- **Excerpted data**:
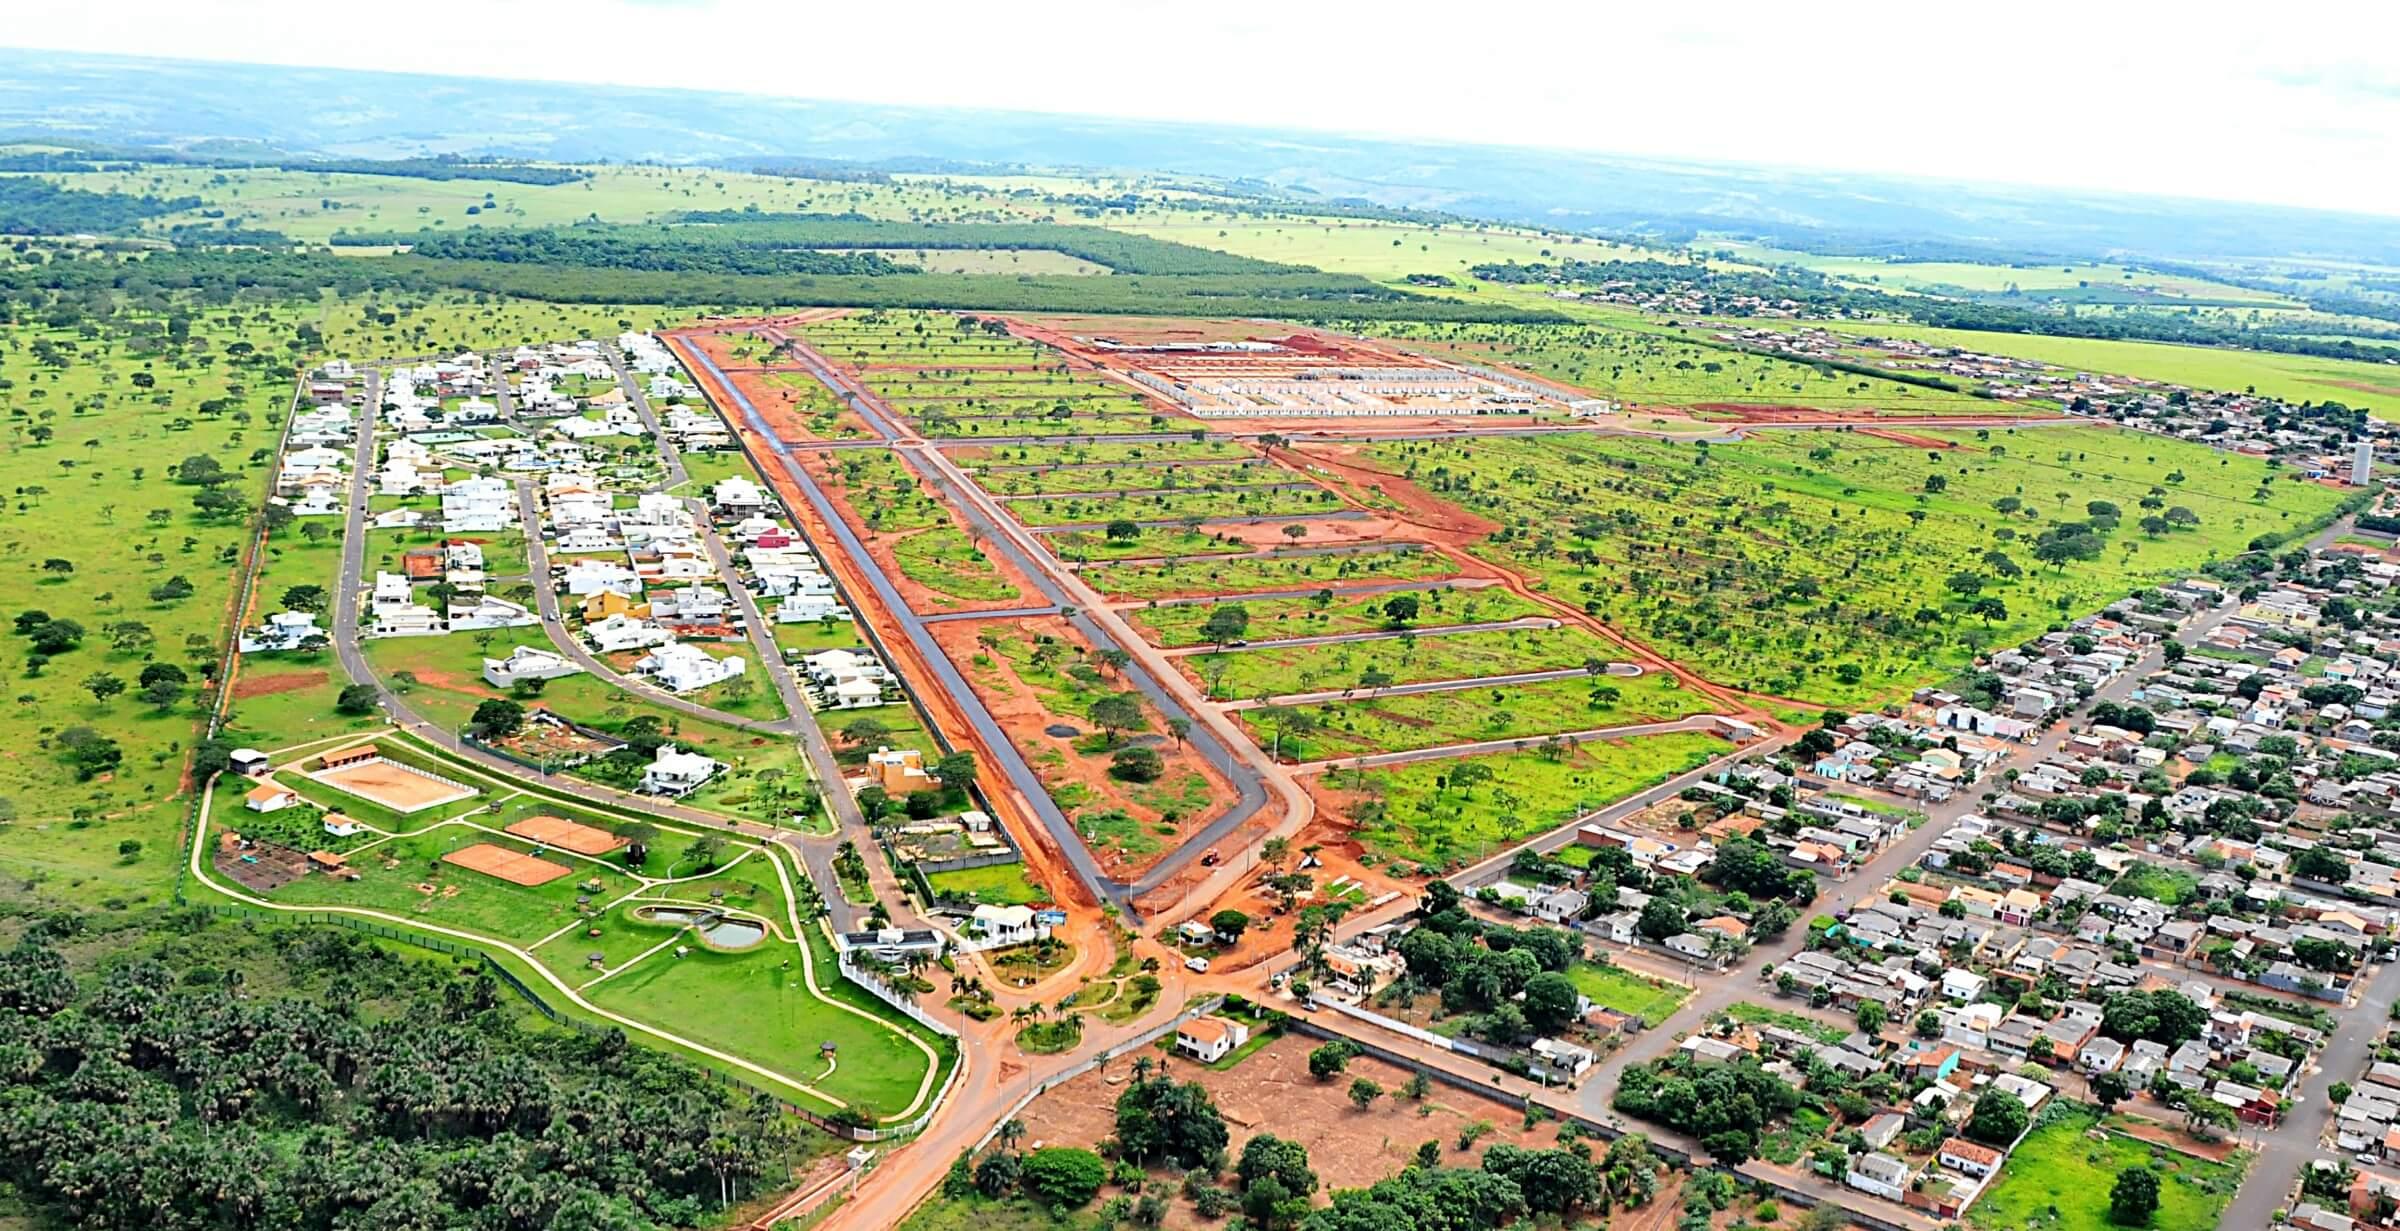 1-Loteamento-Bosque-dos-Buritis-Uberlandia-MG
* * *
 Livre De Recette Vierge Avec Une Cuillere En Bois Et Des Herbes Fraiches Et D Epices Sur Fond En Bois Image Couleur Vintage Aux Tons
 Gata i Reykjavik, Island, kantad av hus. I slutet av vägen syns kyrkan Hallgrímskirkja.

- **Requirement**:
Search the listing above for the lines with "Livre De Recette" and "Gata i Reykjavik, Island, kantad", then output those lines and all lines between them exactly.

- **Solution for this task**:
 Livre De Recette Vierge Avec Une Cuillere En Bois Et Des Herbes Fraiches Et D Epices Sur Fond En Bois Image Couleur Vintage Aux Tons
 Gata i Reykjavik, Island, kantad av hus. I slutet av vägen syns kyrkan Hallgrímskirkja.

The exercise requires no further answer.